A new report from Atomico reveals that not only is the European tech community becoming more active but it’s also attracting more investments
A combination of constant headlines regarding the slow-moving Brexit negotiations, the plummeting pound and the season’s darker and colder days could make any entrepreneur feel pessimistic about the future. Fortunately, a new report from Atomico, the VC firm, has revealed that European tech founders have plenty of reasons to be cheerful.
Having surveyed over 3,500 people working at European tech startups and doing in-depth interviews with over 50 startup founders, investors and policy makers, Atomico believes the ecosystem is primed for great things while it’s becoming more active. For instance, not only are there 172 tech-related meetups occurring every day in Europe but that number is also set to grow. In 2012, the number of cities with more than 50 tech meetups per year was only 30. Encouragingly, that number has skyrocketed to 167 in 2017.
At the same time, this sector has seen an impressive boost in investment. While $4.1bn was invested in European tech startups in 2012, that number has grown to $19.1bn in 2017, a jump from $14.4bn in 2016. “There’s capital out there for starting and scaling companies at a level that has not been seen in Europe historically,” said Stephen Lowery, managing director of global markets at Silicon Valley Bank and one of the interviewees in the report.
Nevertheless, founders are advised to pay close attention to how international macro events could affect their businesses. Unsurprisingly, the UK triggering Article 50 was seen as the number one thing affecting European tech startups, with 52% believing it had a big impact on the sector. While Brexit has left many concerned about market uncertainties and access to talent, other big international news could have a more positive impact on the sector. For instance, the second biggest change was the emergence of initial coin offerings as a means of raising money. In fact, 15% of the surveyed startup founders believe this could have a large impact on their business. Other things that could've affected startups in this sector either good or bad included the election of Donald Trump had affected them, Emmanuel Macron taking office in France and investments made by the European Investment Fund during the year.

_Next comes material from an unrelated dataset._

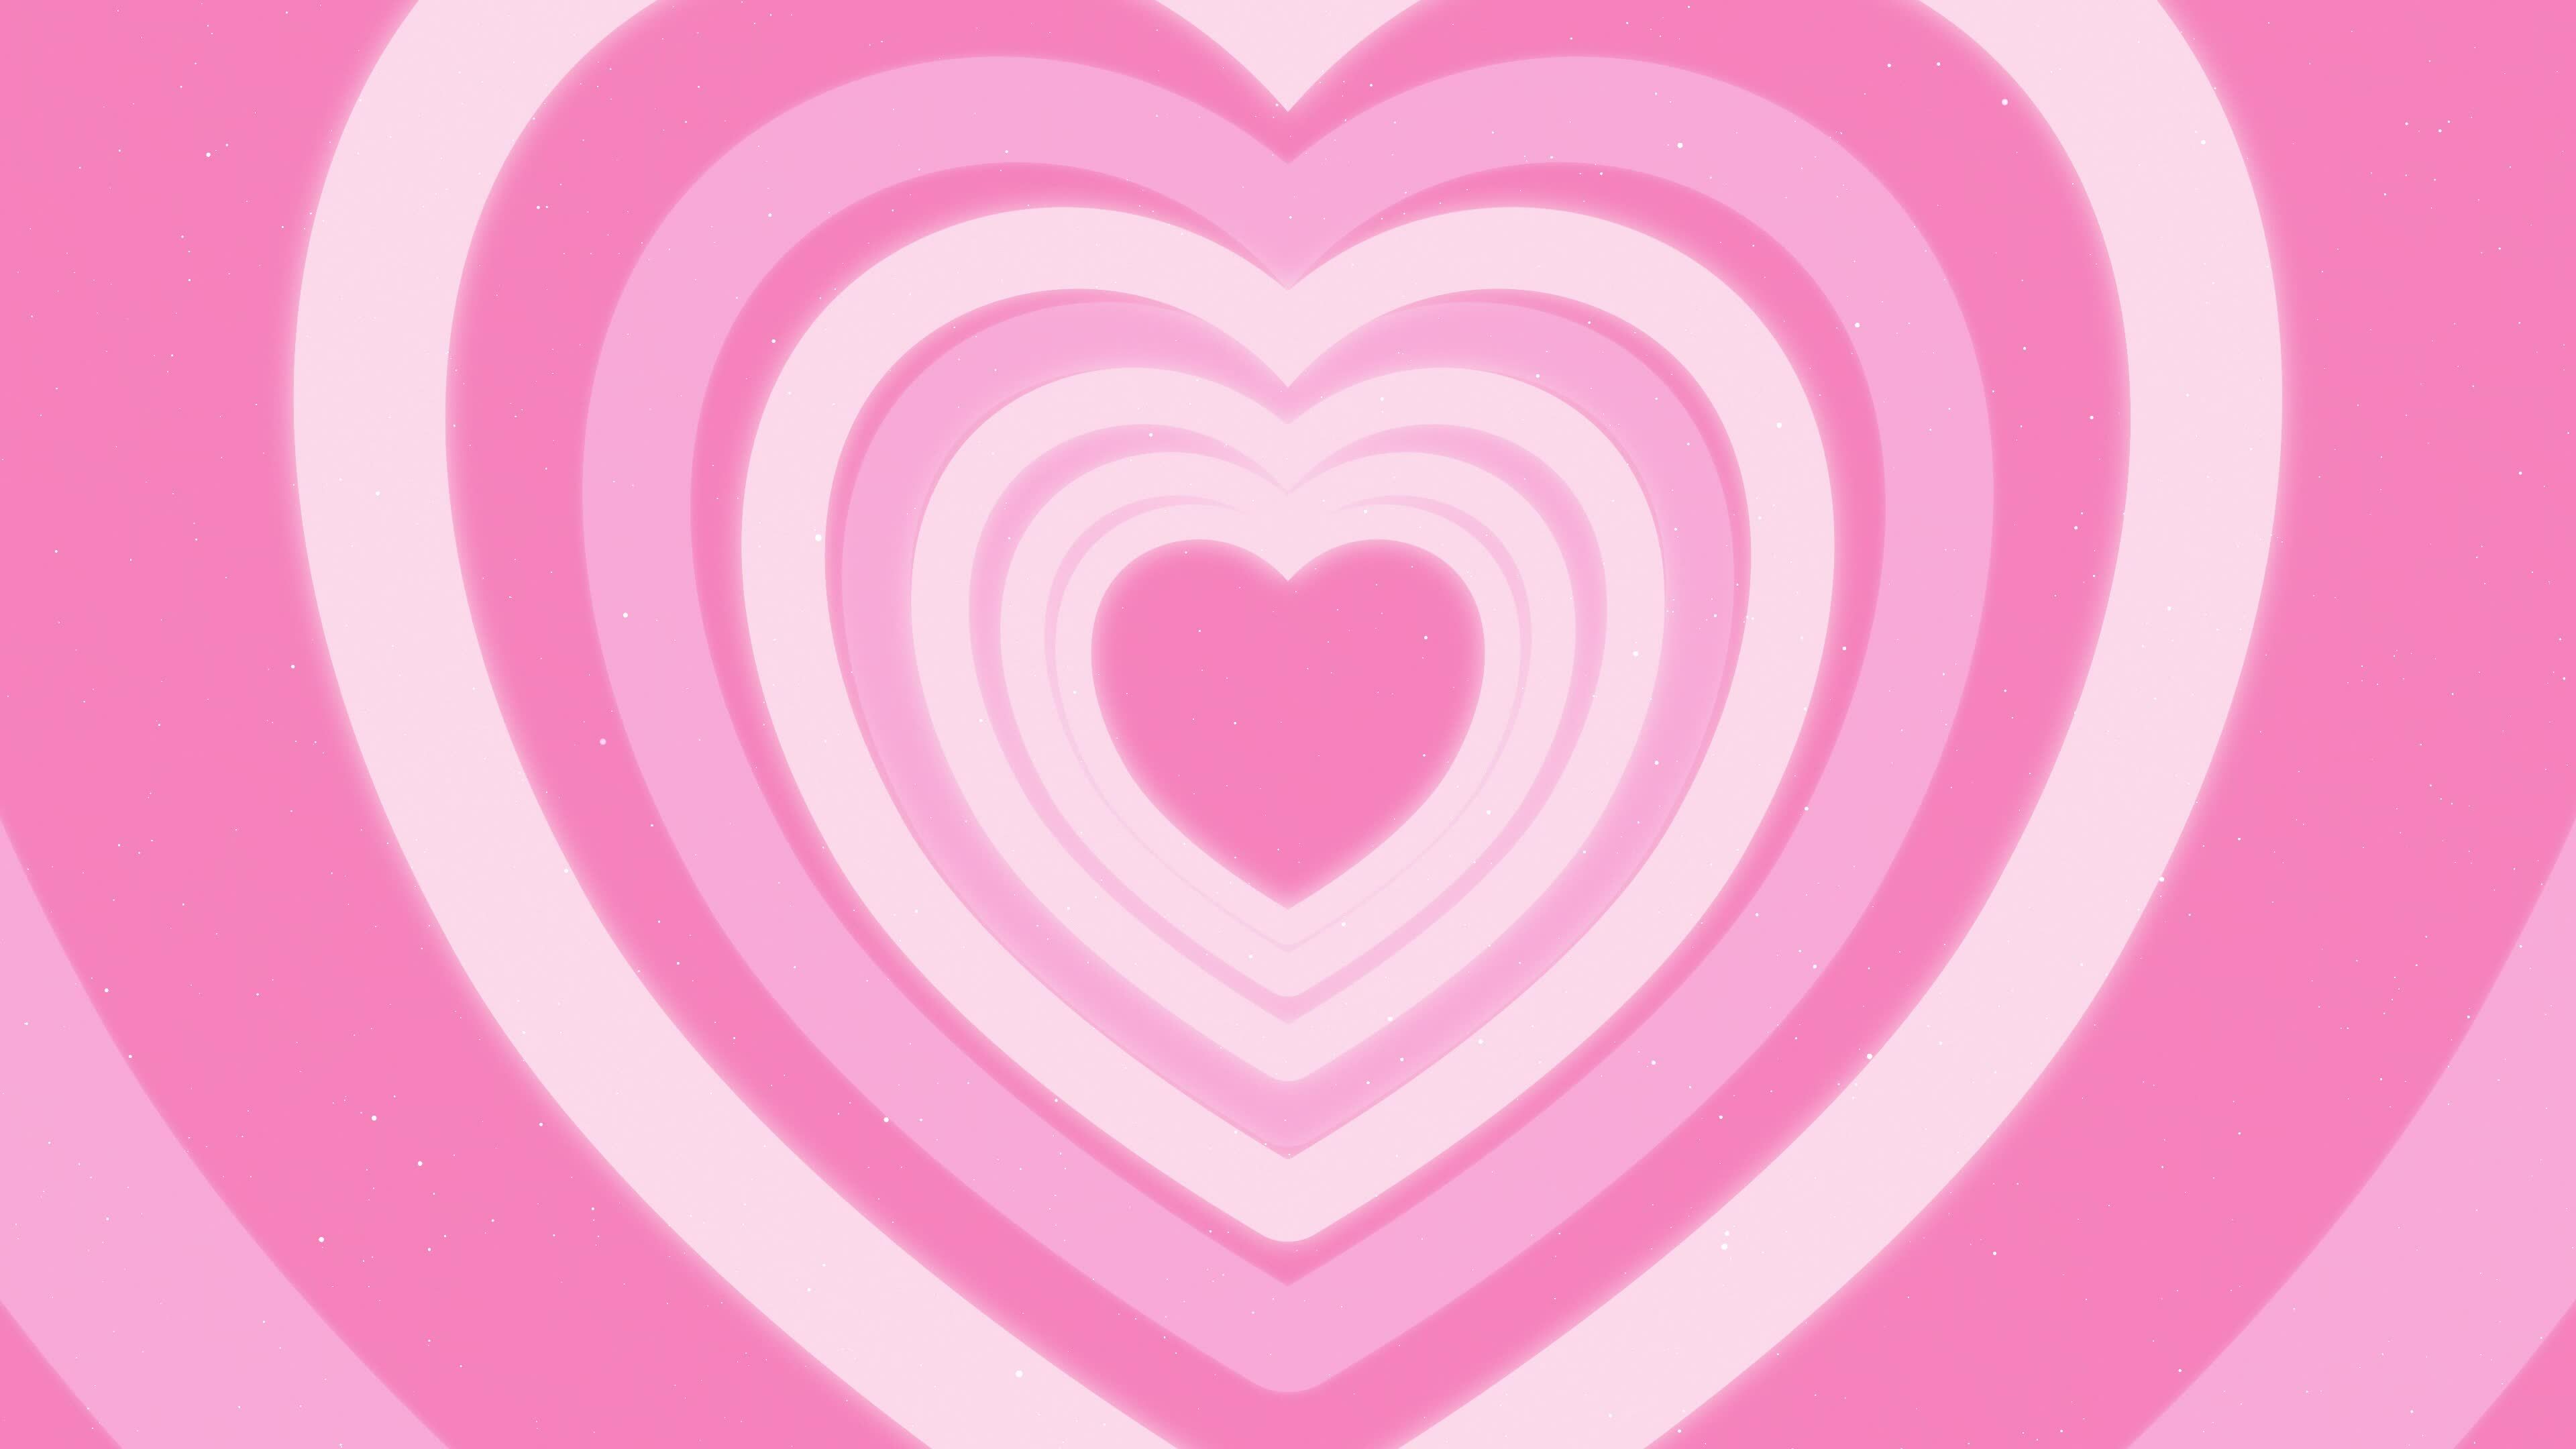 Aesthetics pastel pink heart tunnel on pink background 23687683 Stock ...

Despite Brexit, the report also revealed that London has become the number one location for European startup founders to move, swapping places with this year’s runner-up Berlin. Barcelona came third, while Paris jumped nine whole positions to become the fourth most popular city to move to for founders, a testament to the French government’s efforts to attract more entrepreneurs. The most popular reason for startup founders to move across the continent were access to talent, followed by a perceived ease of doing business, access to capital and the quality of the ecosystem.
Commenting on the findings, Tom Wehmeier, partner and head of research at Atomico, said: “This year’s findings reveal the state of European tech in 2017 is the strongest it has ever been. Europe is building a tech ecosystem in its own image, defined by deep tech expertise, incredible geographic diversification and a uniquely collaborative approach with traditional industry. The solid foundations that have been laid – a huge and deep talent pool, founders with global ambition levels and a large, growing and increasingly sophisticated investor base – means that Europe marches to its own beat.”
As the year draws to an end, it’s great to see the startup community almost bursting with promise for 2018.